To summarize, ask yourself: what do you take from this course that is going to matter years from now? It's going to be the skills you develop, and the only way to get those skills is to put yourself through the rigor of developing them, regardless of what others are doing.


Course policies on integrity

  • In this course, you will be expected to work on all assigned coursework by yourself, unless otherwise specified by instructions on the course website. If you have any questions whatsoever regarding these policies, see me during office hours.

  • You may not, without permission from the instructor, exchange course-related code with anyone (including anyone not registered in the course), or download code for use in your coursework, or use material from books. Likewise, you may not look at anyone else's code or show your code to anyone else. Protect your work: for example, be careful not to leave your printouts around. The only exception is when team or groupwork is explicitly specified.

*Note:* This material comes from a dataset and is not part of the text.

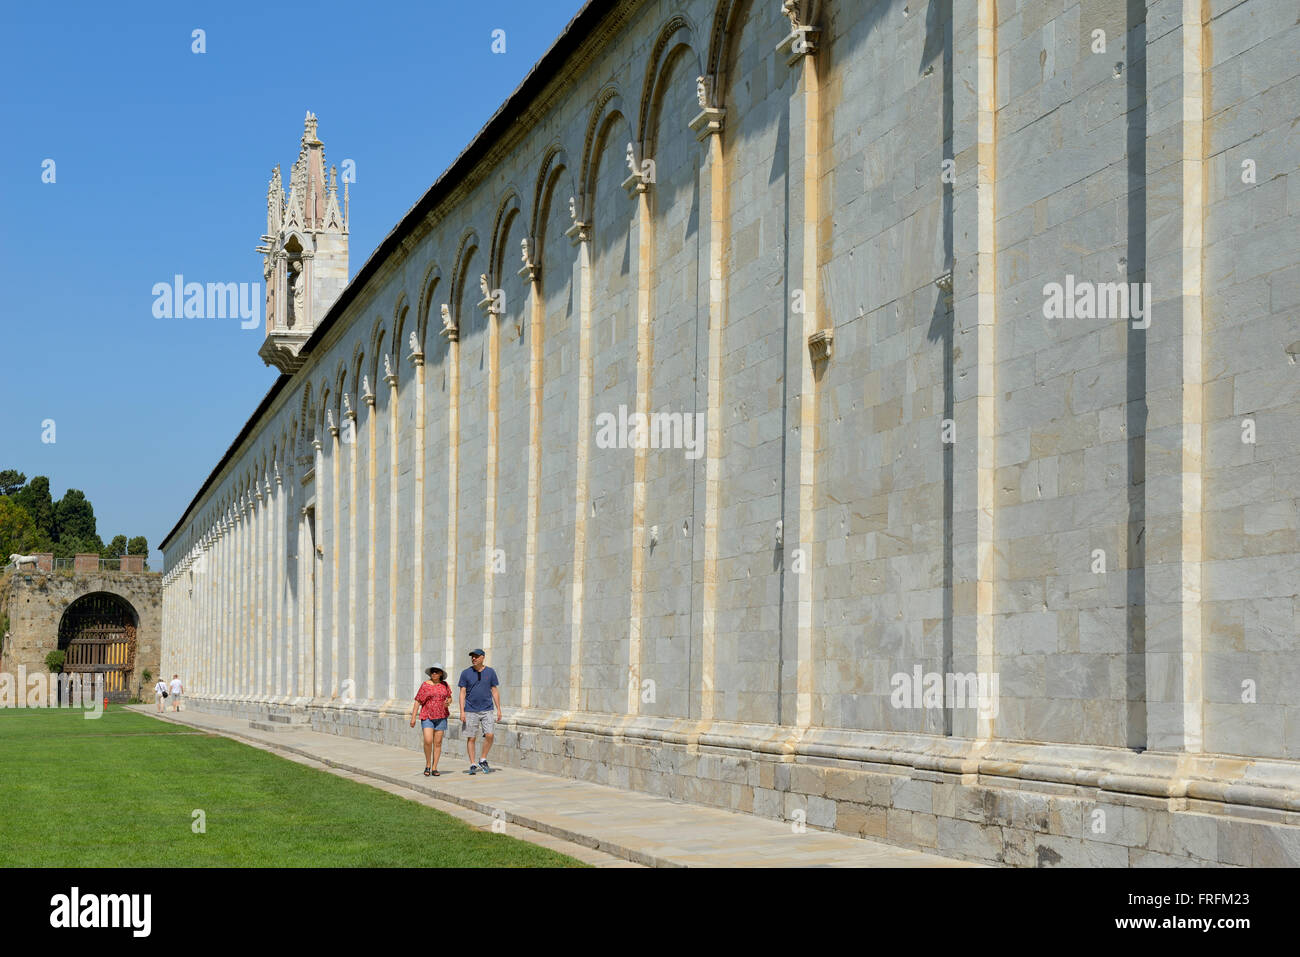 Camposanto, cloistered cemetery, Pisa, Toscana, Tuscany, Italy, Europe Stock Photo

  • The use of AI tools is expressly forbidden. Yes, it's true that one can learn from AI tools but because it's easy to cross the line and because there are plenty of other ways to learn (office hours, TAs, lab) it's best to avoid using AI tools.

  • If using a tutor, you may not show your course-related code to your tutor nor use code shown or written by your tutor. All tutors for this course need to first register with me, by meeting me during office hours.

  • If you use material in your assignments that are from outside the course material, then you should be prepared to explain that material. The instructor and TA's reserve the right to question you on your use of extraneous material. Failure to answer such questions might be viewed as grounds for an integrity violation.

  • The Academic Integrity Code or Student Conduct Code will apply to this course. Please read through the code carefully.

  • Penalties for violating the code or the policies described here include failing this course, and are elaborated in the Academic Integrity Code.